2025-09-27 18:59:43 +00:00 · 2010-09-09 20:30:23 +00:00 · 2010-09-09 20:30:23 +00:00 · e4a189274f
commit e4a189274f
parent ea99c5c949
4 changed files with 72 additions and 17 deletions
--- a/Lib/test/test_builtin.py
+++ b/Lib/test/test_builtin.py
@ -179,6 +179,28 @@ class BuiltinTest(unittest.TestCase):
        a = {}
        a[0] = a
        self.assertEqual(ascii(a), '{0: {...}}')
        # Advanced checks for unicode strings
        def _check_uni(s):
            self.assertEqual(ascii(s), repr(s))
        _check_uni("'")
        _check_uni('"')
        _check_uni('"\'')
        _check_uni('\0')
        _check_uni('\r\n\t .')
        # Unprintable non-ASCII characters
        _check_uni('\x85')
        _check_uni('\u1fff')
        _check_uni('\U00012fff')
        # Lone surrogates
        _check_uni('\ud800')
        _check_uni('\udfff')
        # Issue #9804: surrogates should be joined even for printable
        # wide characters (UCS-2 builds).
        self.assertEqual(ascii('\U0001d121'), "'\\U0001d121'")
        # All together
        s = "'\0\"\n\r\t abcd\x85é\U00012fff\uD800\U0001D121xxx."

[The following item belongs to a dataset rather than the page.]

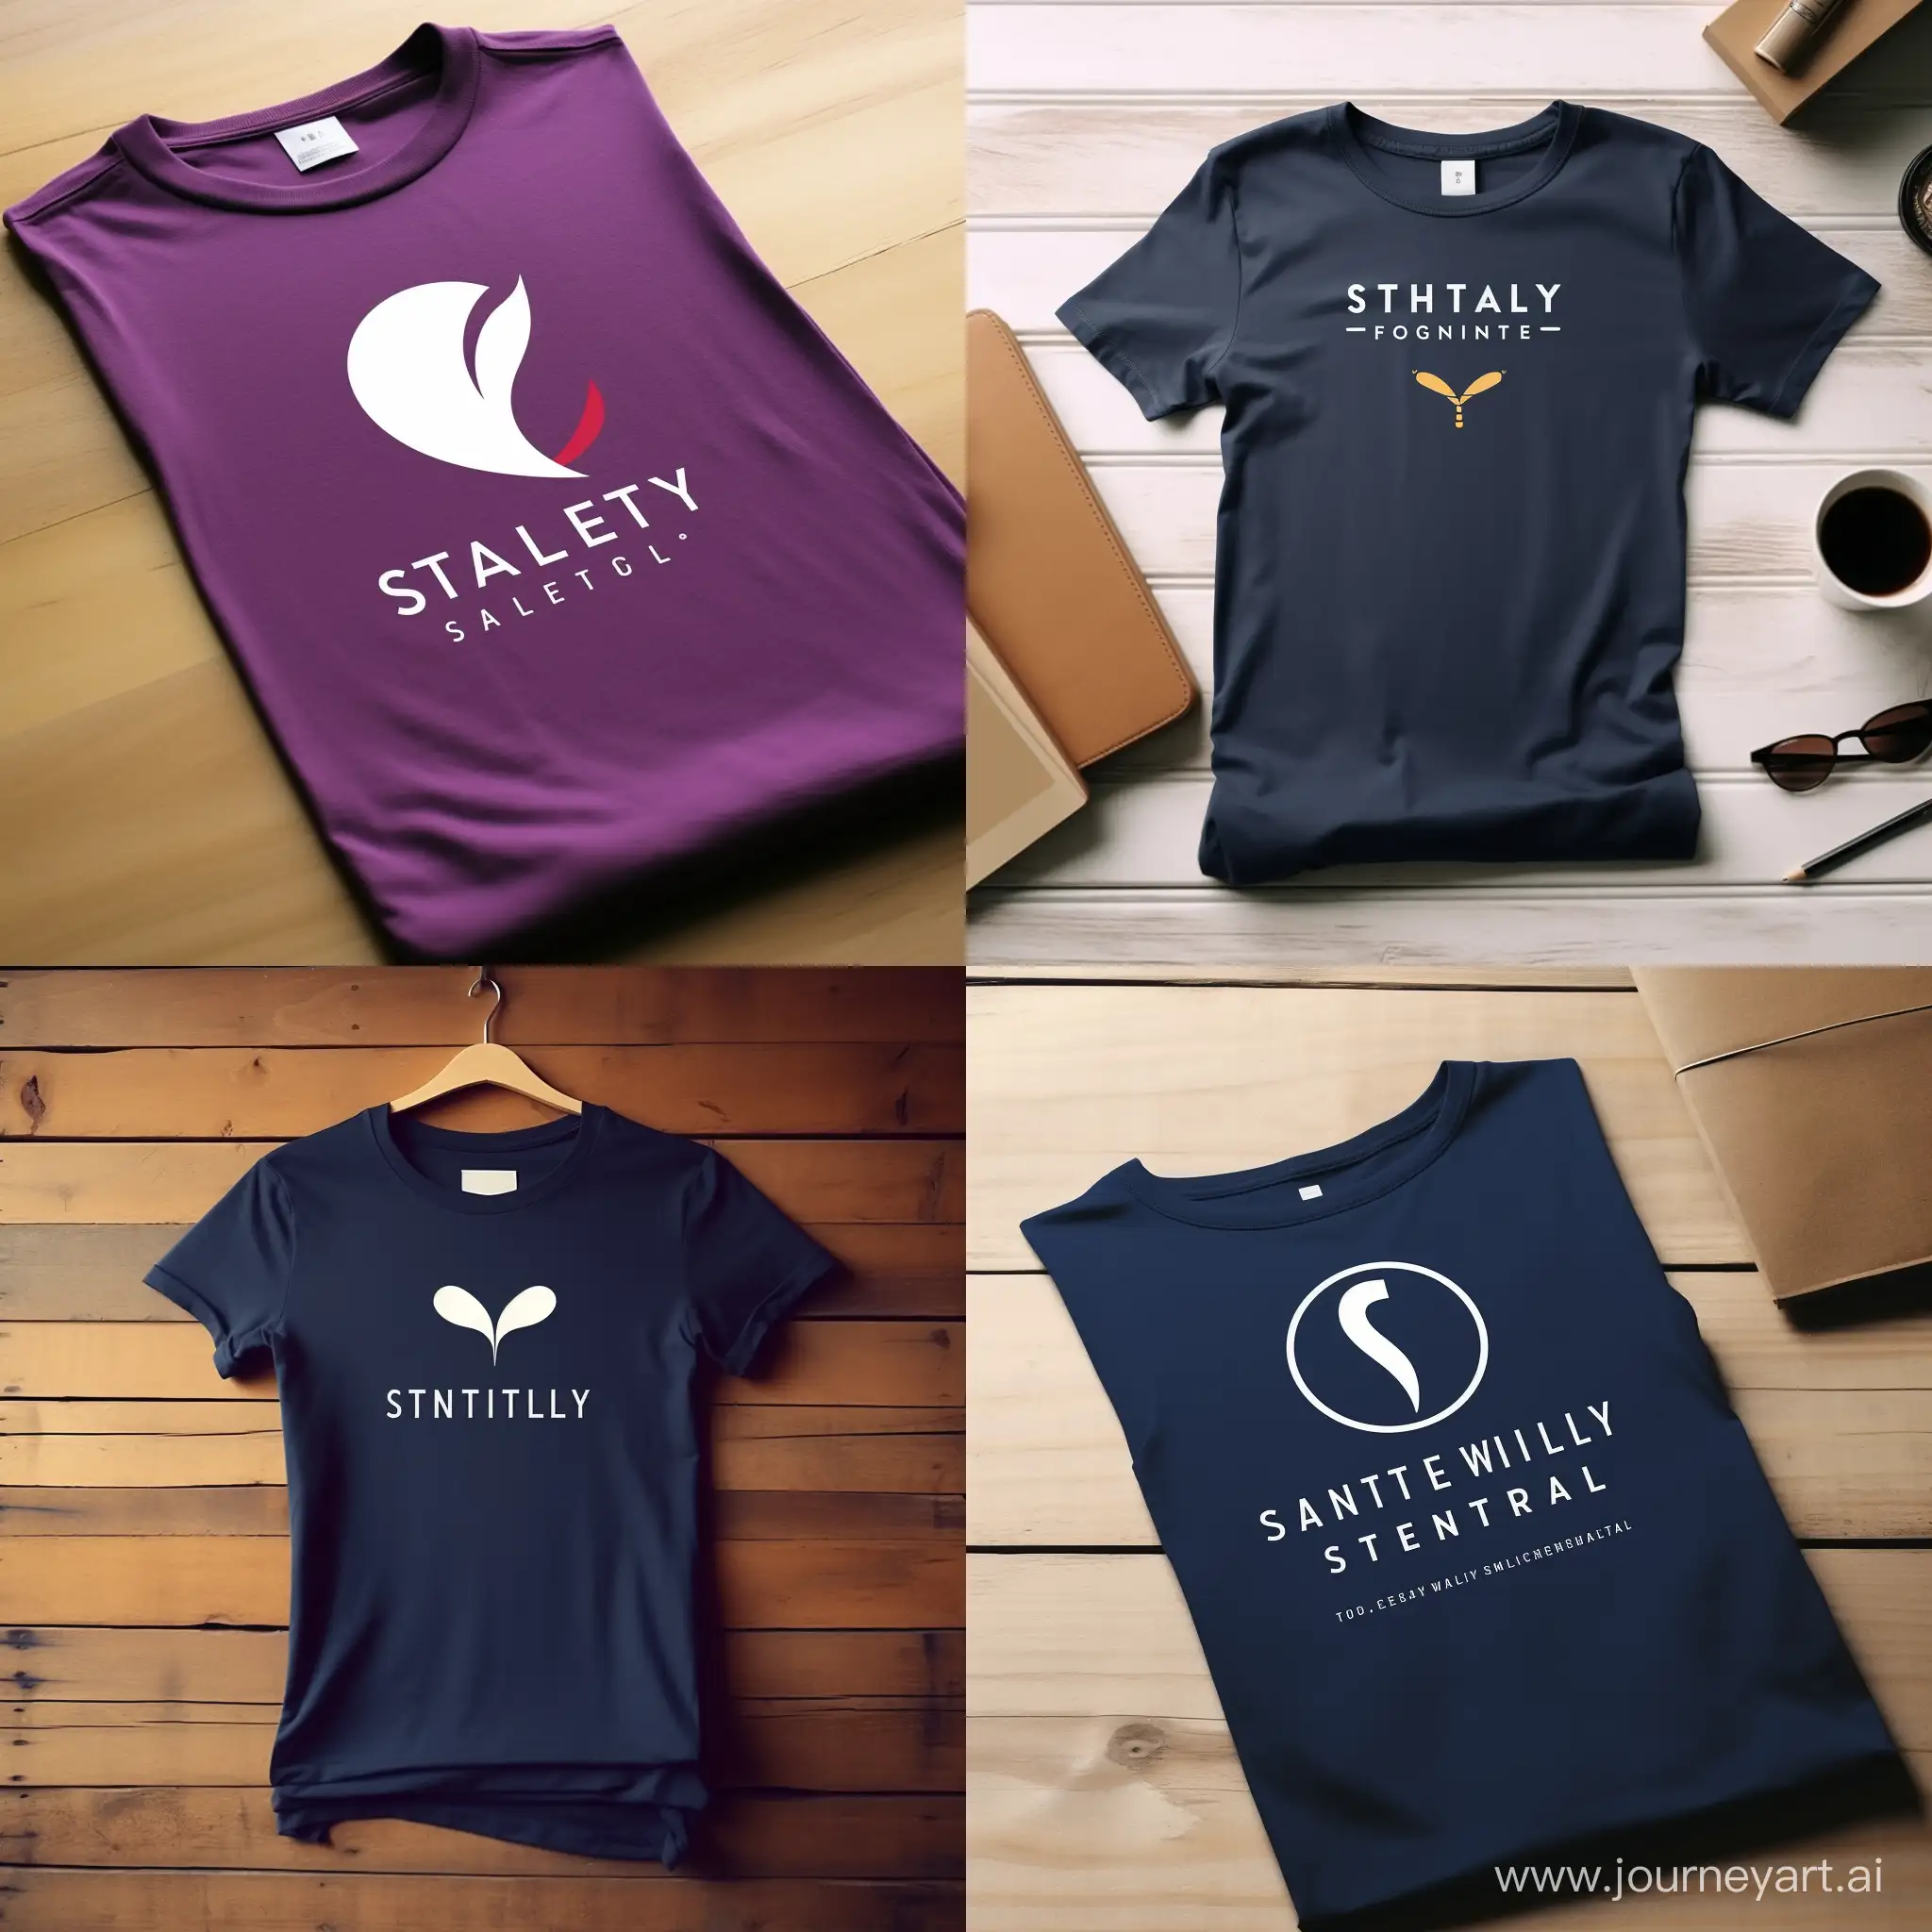 generate a logo for a start up called "Swiftly Tailored" that focusses on last mile delivery for all mens and womens apparel needsgenet up called "Swiftly Tailored" that focusses on last mile delivery for all mens and womens apparel needs

        self.assertEqual(ascii(s),
            r"""'\'\x00"\n\r\t abcd\x85\xe9\U00012fff\ud800\U0001d121xxx.'""")
    def test_neg(self):
        x = -sys.maxsize-1
--- a/Lib/test/test_codeccallbacks.py
+++ b/Lib/test/test_codeccallbacks.py
@ -577,16 +577,30 @@ class CodecCallbackTest(unittest.TestCase):
                UnicodeEncodeError("ascii", "\uffff", 0, 1, "ouch")),
            ("\\uffff", 1)
        )
-        if sys.maxunicode>0xffff:
+        # 1 on UCS-4 builds, 2 on UCS-2
        len_wide = len("\U00010000")
        self.assertEquals(
            codecs.backslashreplace_errors(
-                    UnicodeEncodeError("ascii", "\U00010000", 0, 1, "ouch")),
+                UnicodeEncodeError("ascii", "\U00010000",
-                ("\\U00010000", 1)
+                                   0, len_wide, "ouch")),
            ("\\U00010000", len_wide)
        )
        self.assertEquals(
            codecs.backslashreplace_errors(
-                    UnicodeEncodeError("ascii", "\U0010ffff", 0, 1, "ouch")),
+                UnicodeEncodeError("ascii", "\U0010ffff",
-                ("\\U0010ffff", 1)
+                                   0, len_wide, "ouch")),
            ("\\U0010ffff", len_wide)
        )
        # Lone surrogates (regardless of unicode width)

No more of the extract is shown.